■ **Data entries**
<<<<
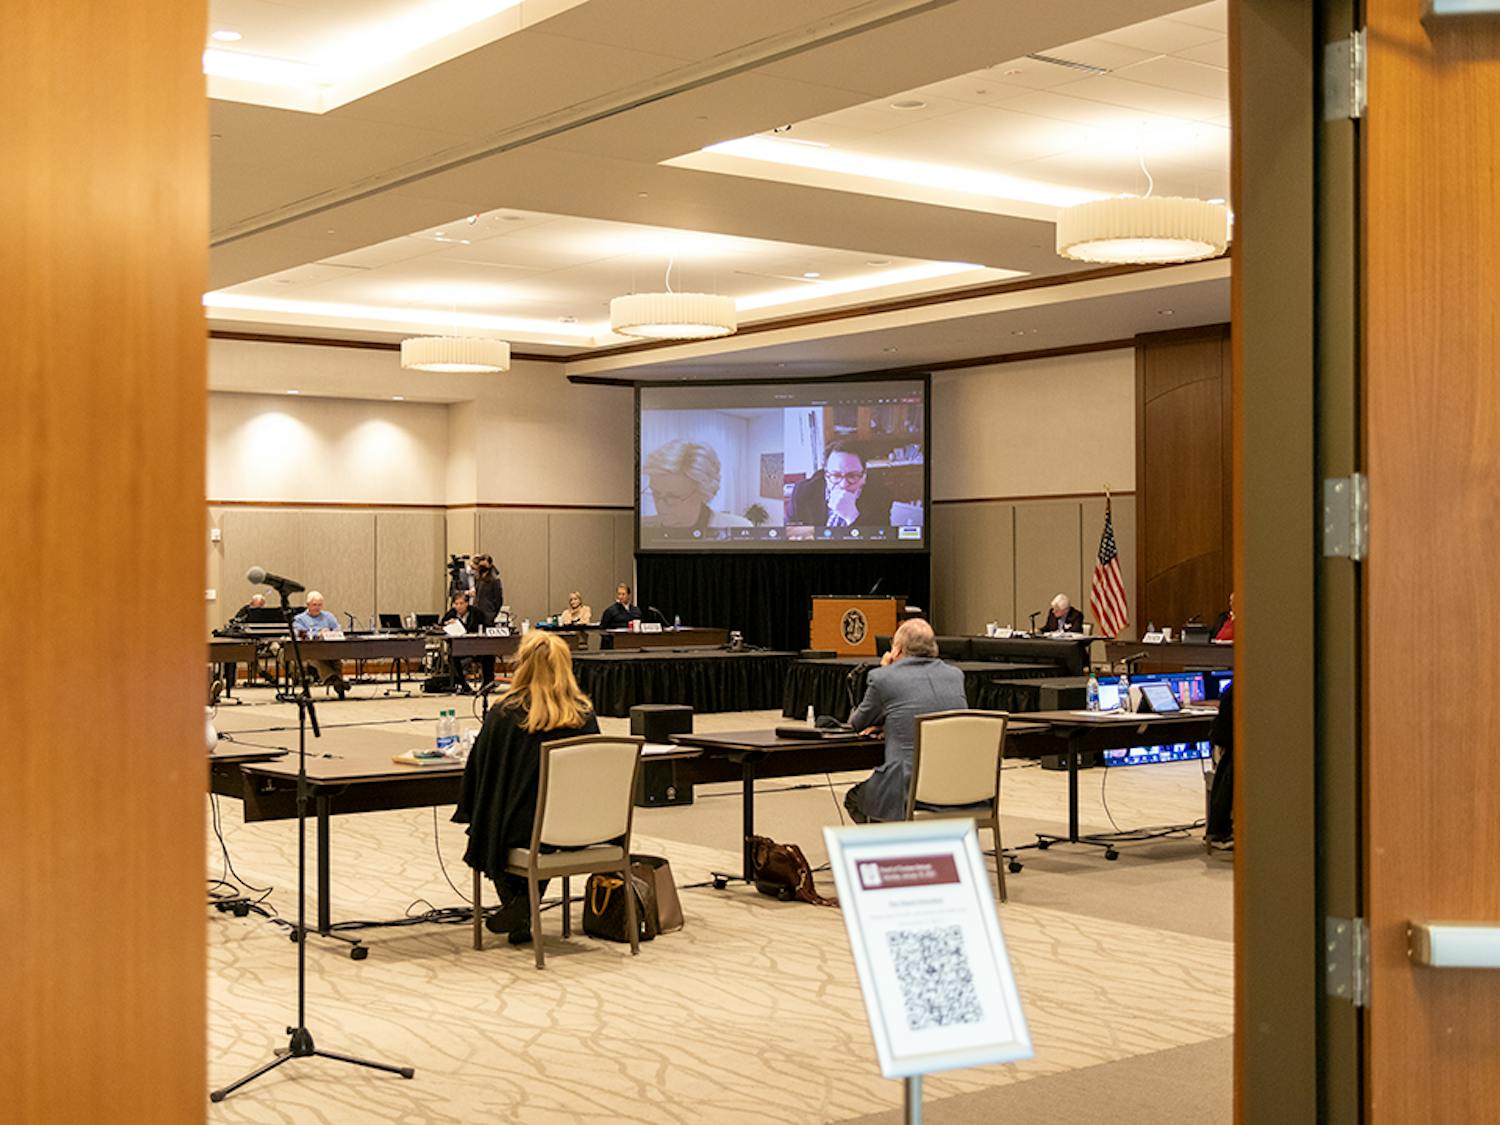 University of South Carolina Board of Trustee members met for the 2021 Board of Trustees Retreat at the University of South Carolina Alumni Center. The Board met to discuss issues, concerns, and goals for the 2021 year.
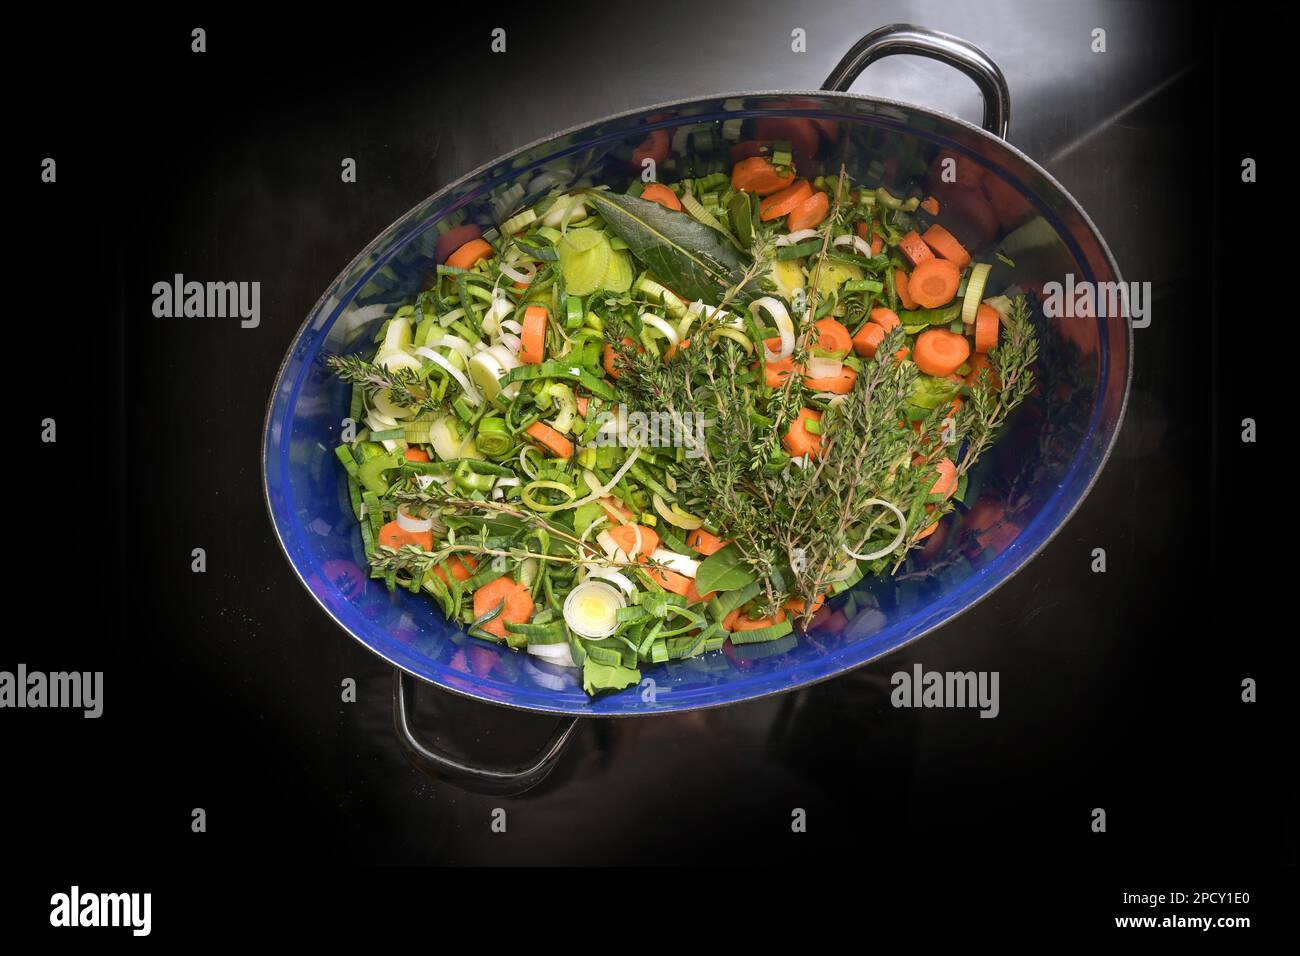 Chopped raw vegetables like carrots, celery and leek with herbs like thyme and bay leaves in a dark blue roaster on the black induction stove top, for Stock Photo
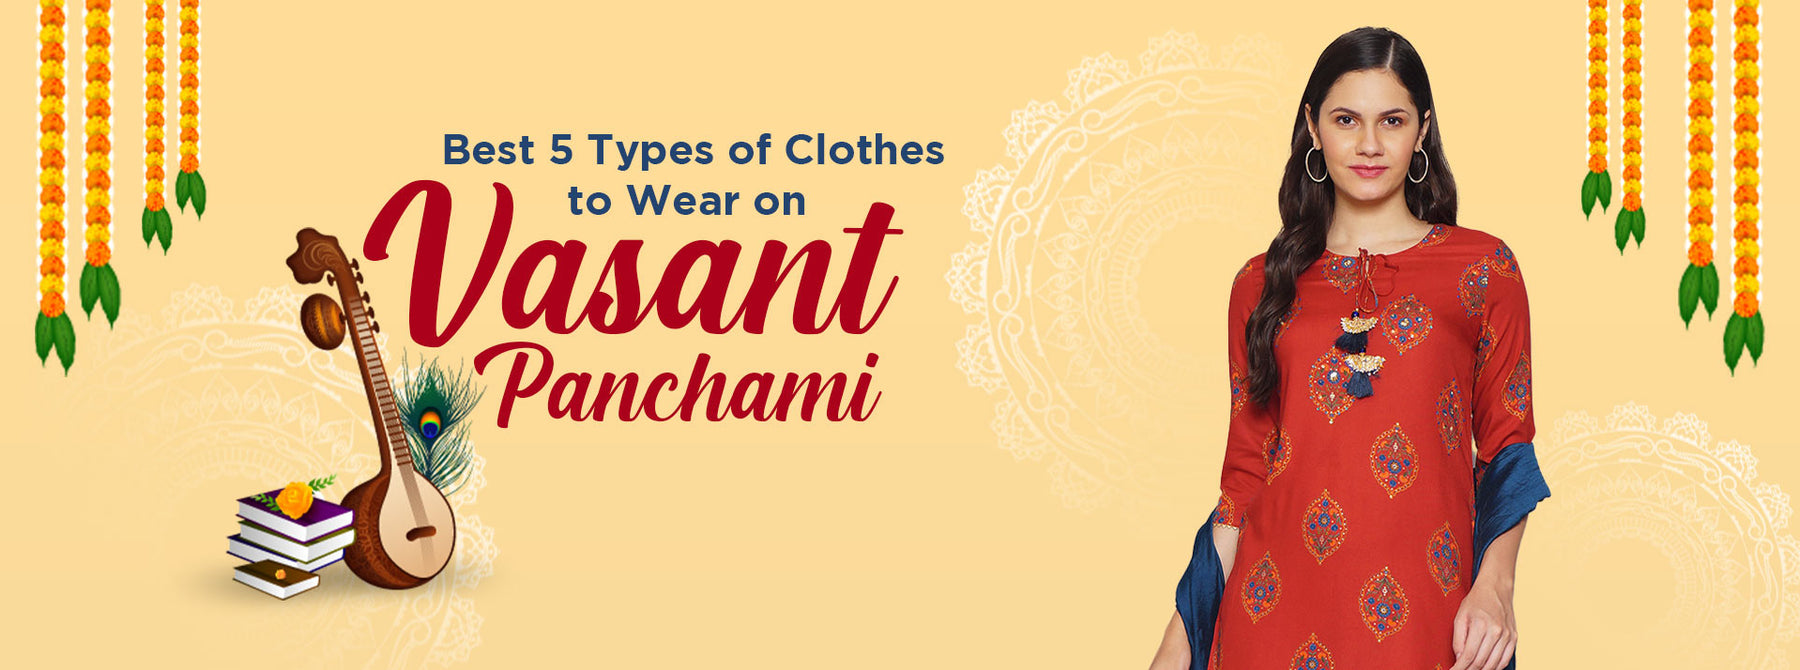 Best 5 Types of Clothes to Wear on Vasant Panchami
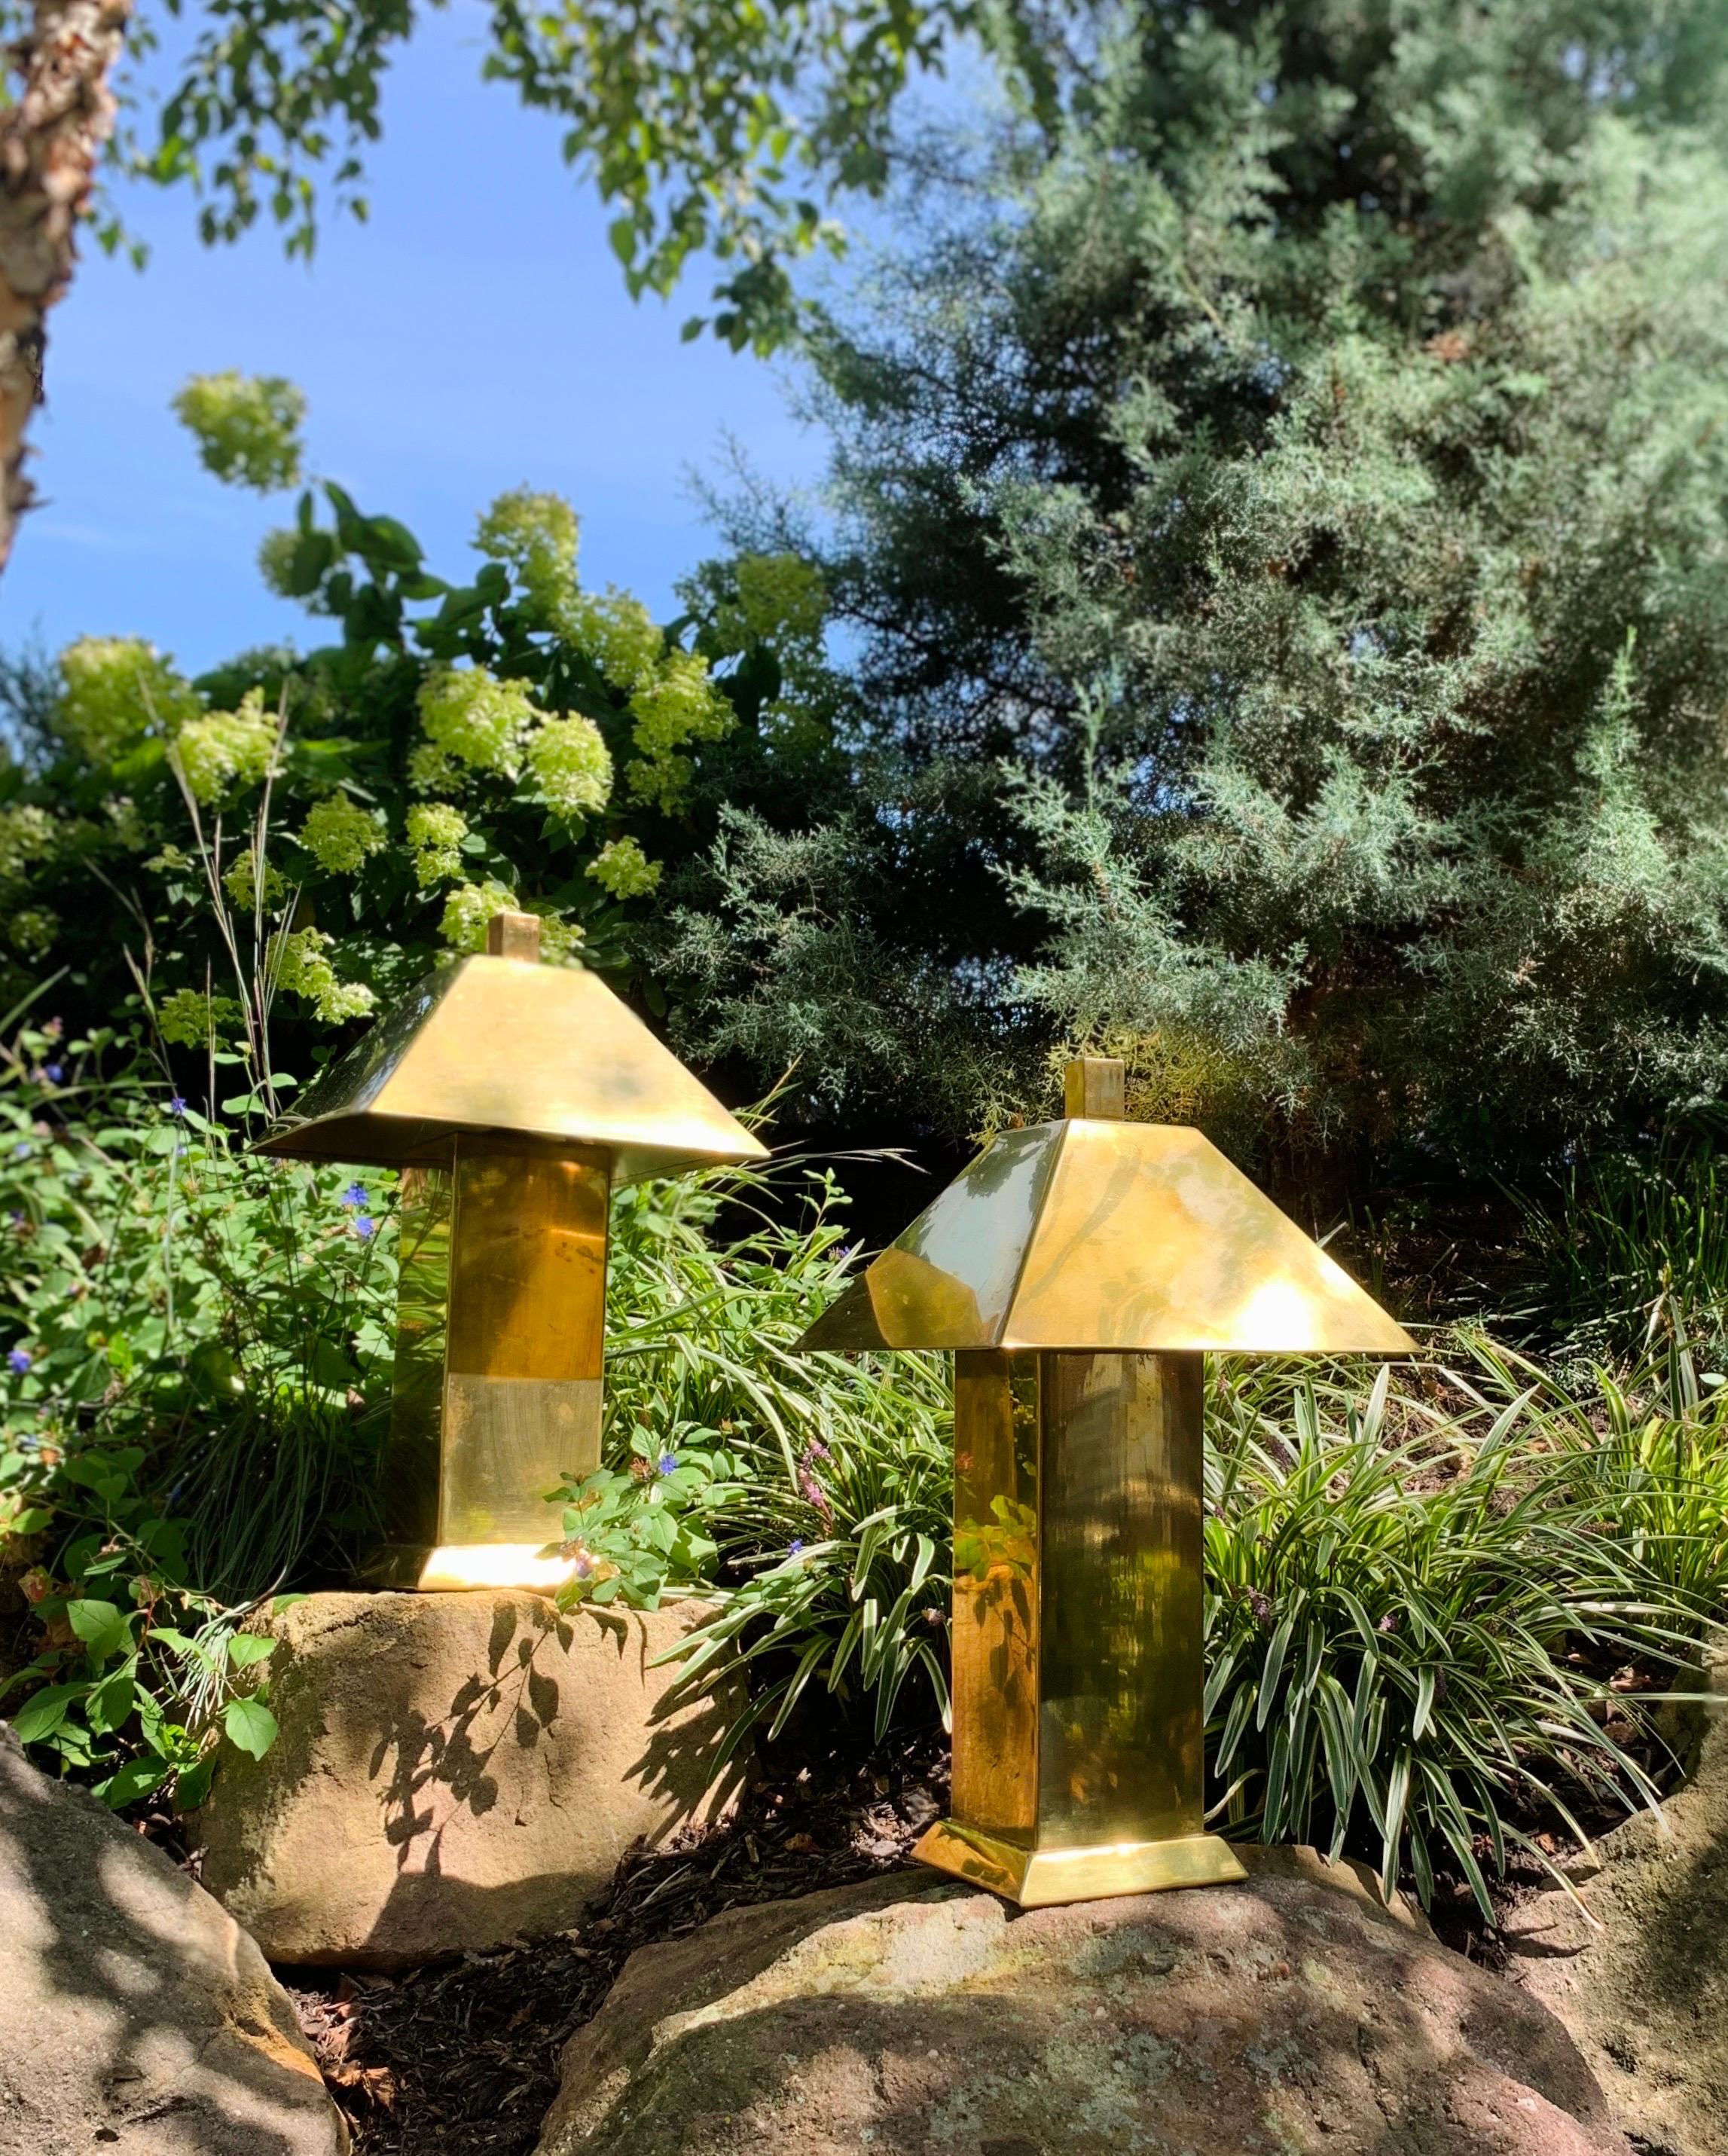 This is a pair of 1970s brass table lamps, cubist in form, attributed to Koch & Lowy. The listed price includes the pair. They feature brass-electroplated bases and shades. They have a warm brass patina and are in 100% original condition.

Each lamp
>>>>
■ **Task description**
Above are the records. Copy exactly, and only, the lines from the line containing "Best 5 Types" through the last one, omitting any pictures.

■ **Exercise output**
 Best 5 Types of Clothes to Wear on Vasant Panchami
 This is a pair of 1970s brass table lamps, cubist in form, attributed to Koch & Lowy. The listed price includes the pair. They feature brass-electroplated bases and shades. They have a warm brass patina and are in 100% original condition.

Each lamp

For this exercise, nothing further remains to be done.